Von Rekowsky anticipates another round of taper tumult, but believes a rising interest rate environment alone does not necessarily mean negative returns for emerging market stocks. His outlook for emerging market debt, however, is more cautious. Countries prioritizing long-overdue structural reforms that lift productivity rates, such as Mexico, should benefit from the next phase of growth in the emerging asset class. Countries dependent on foreign capital inflows that forestall reforms, such as India, risk further downward pressure on their currencies as tapering commences.

Here are 10 trends von Rekowsky believes could drive emerging market results in 2014:

1. U.S. Federal Reserve tapering and interest rate policy

U.S. monetary policy may significantly impact emerging market stocks and bonds in 2014. The Fed’s accommodative policy has placed upward pressure on many emerging market currencies, which further fueled already-strong domestic demand in many countries, such as Indonesia and Brazil. As the Fed tapers its quantitative easing (QE), the resulting decrease in global dollar liquidity will weigh on stocks in the short term, especially in those emerging countries that are heavily reliant on external financing of their current account deficits.

The so-called “fragile five”—Brazil, South Africa, India, Turkey, and Indonesia—are among the most likely to suffer foreign capital outflows in the near term, which could drive their exchange rates lower. Weaker exchange rates may, in turn, worsen inflationary expectations in these countries, further dampening economic activity. This could prompt policymakers in these countries to raise interest rates to stem the capital outflows or bring domestic demand down to more sustainable levels. Both emerging stocks and bonds would suffer headwinds in this scenario.
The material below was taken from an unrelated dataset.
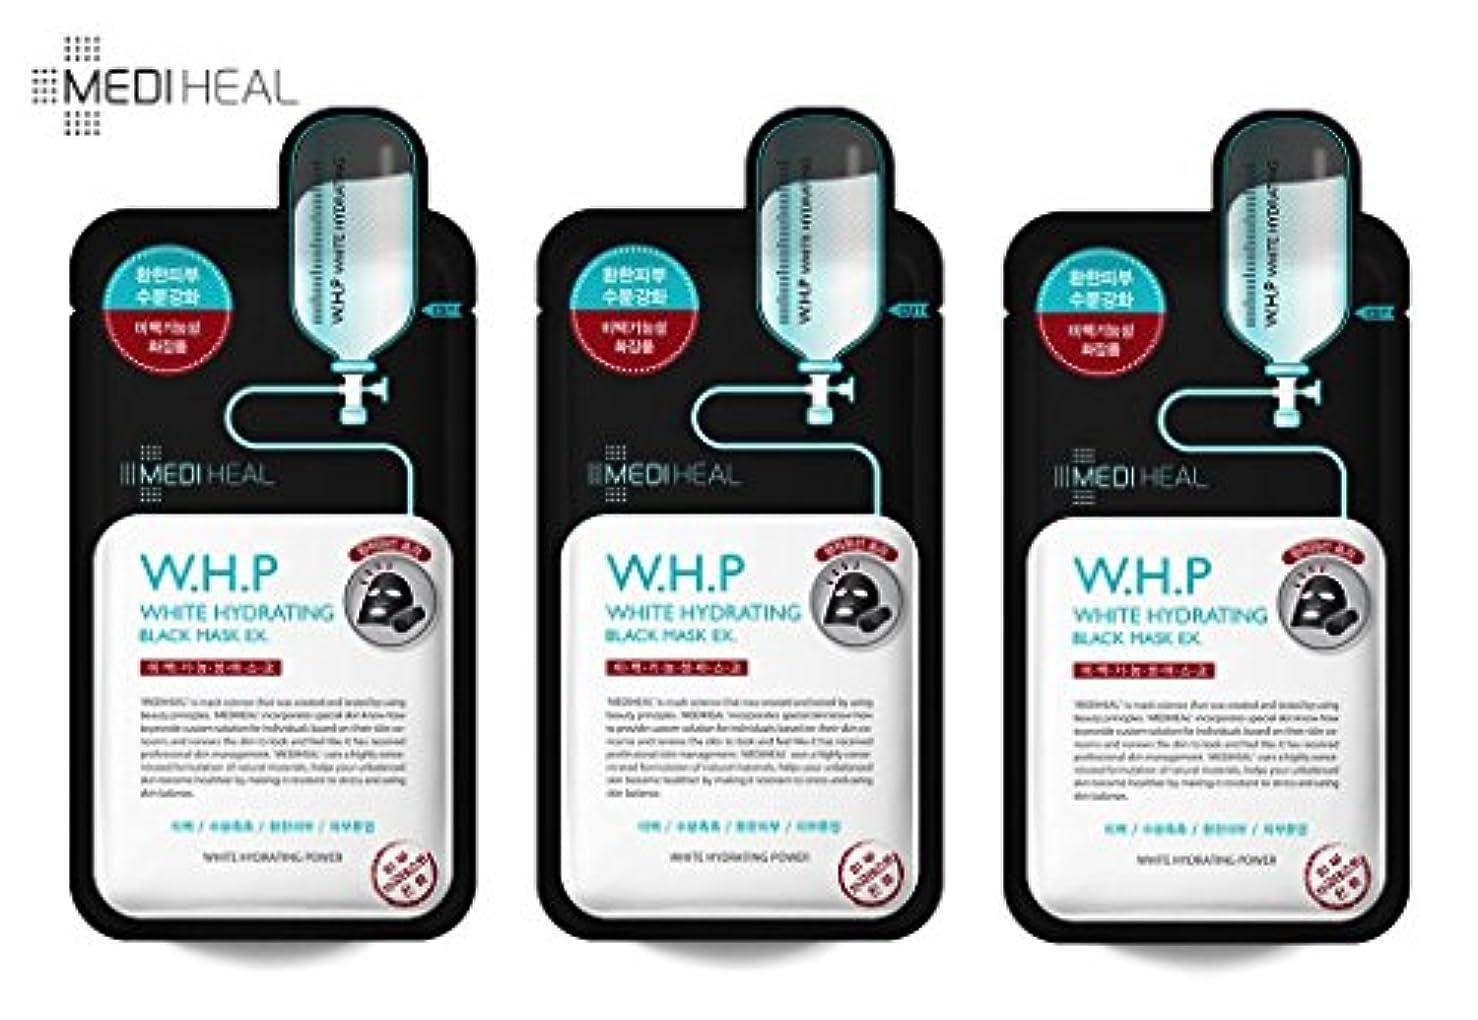 ディレクター改善遮る[本物] メディヒール Mediheal W.H.P 美白水分 ミネラル 炭 マスクパック (10枚) [並行輸入品]

2. Moderate growth in China

China released its much anticipated economic road map for the next decade during the November Party plenum, detailing reforms in that nation’s financial, sociopolitical, and fiscal arenas. In my view, the reforms announced were largely necessary, but only time and commitment will prove if they are sufficient. For 2014, a not-too-hot/not-too-cold economy may prove just right for China, and for emerging markets broadly.

Still, investors might want to prepare for slower growth rates from China. Eventually, the investment-led spending, which has been predominantly property-related, will likely moderate. A concurrent transition to consumer-led growth could bring overall GDP growth rates down to a more sustainable 5%–7% range, down from last decade’s heady 8%–10% range.

What’s more, careful analysis of China’s current account balance reveals it may no longer be strongly positive, as Chinese exports appear to have been overreported in the last year. This matters for the 2014 outlook, because moving into a more structural current-account deficit would diminish liquidity in China, putting upward pressure on borrowing rates. Higher rates could slow the economy and place more indebted Chinese firms under pressure.

3. Results of a daunting 2014 election calendar

Emerging markets face an array of election challenges in 2014, with the potential for both optimism and disappointment with regard to necessary structural reform outcomes. The first half of the year is particularly significant, with general elections in South Africa (April); parliamentary and presidential elections in Indonesia (April and July, respectively); parliamentary elections in Hungary (April); presidential elections in Colombia (May); and general elections in India (May). In 2014, presidential elections will be held in Turkey (August) and Brazil (October), two countries whose economic management have been the subject of street protests by unhappy constituents.

Our previous studies of elections suggest that markets tend to underperform in the three to six months prior to an election amid policy uncertainty, and recover in the subsequent time frame—no matter the political stripes of the winning party.

4. The implementation of much-needed structural reforms

In the first decade of the 2000s, many emerging market countries rode a wave of liquidity, fueled by rising commodity prices, declining interest rates, and a subsequent bolstering of revenues and reserves, which steadily improved sovereign balance sheets. Rising prices for commodity exports filled the fiscal coffers of many emerging markets governments, and allowed some countries to plaster over structural cracks that went largely unaddressed.

Credit growth ensued across many emerging market countries, as low interest rates propelled consumer-led spending on cars, homes and durable goods. Rising voter aspirations may have deterred policymakers from long-overdue reforms aimed at infrastructure de-bottlenecking, government finance, and ending protection for politically sensitive domestic economic sectors.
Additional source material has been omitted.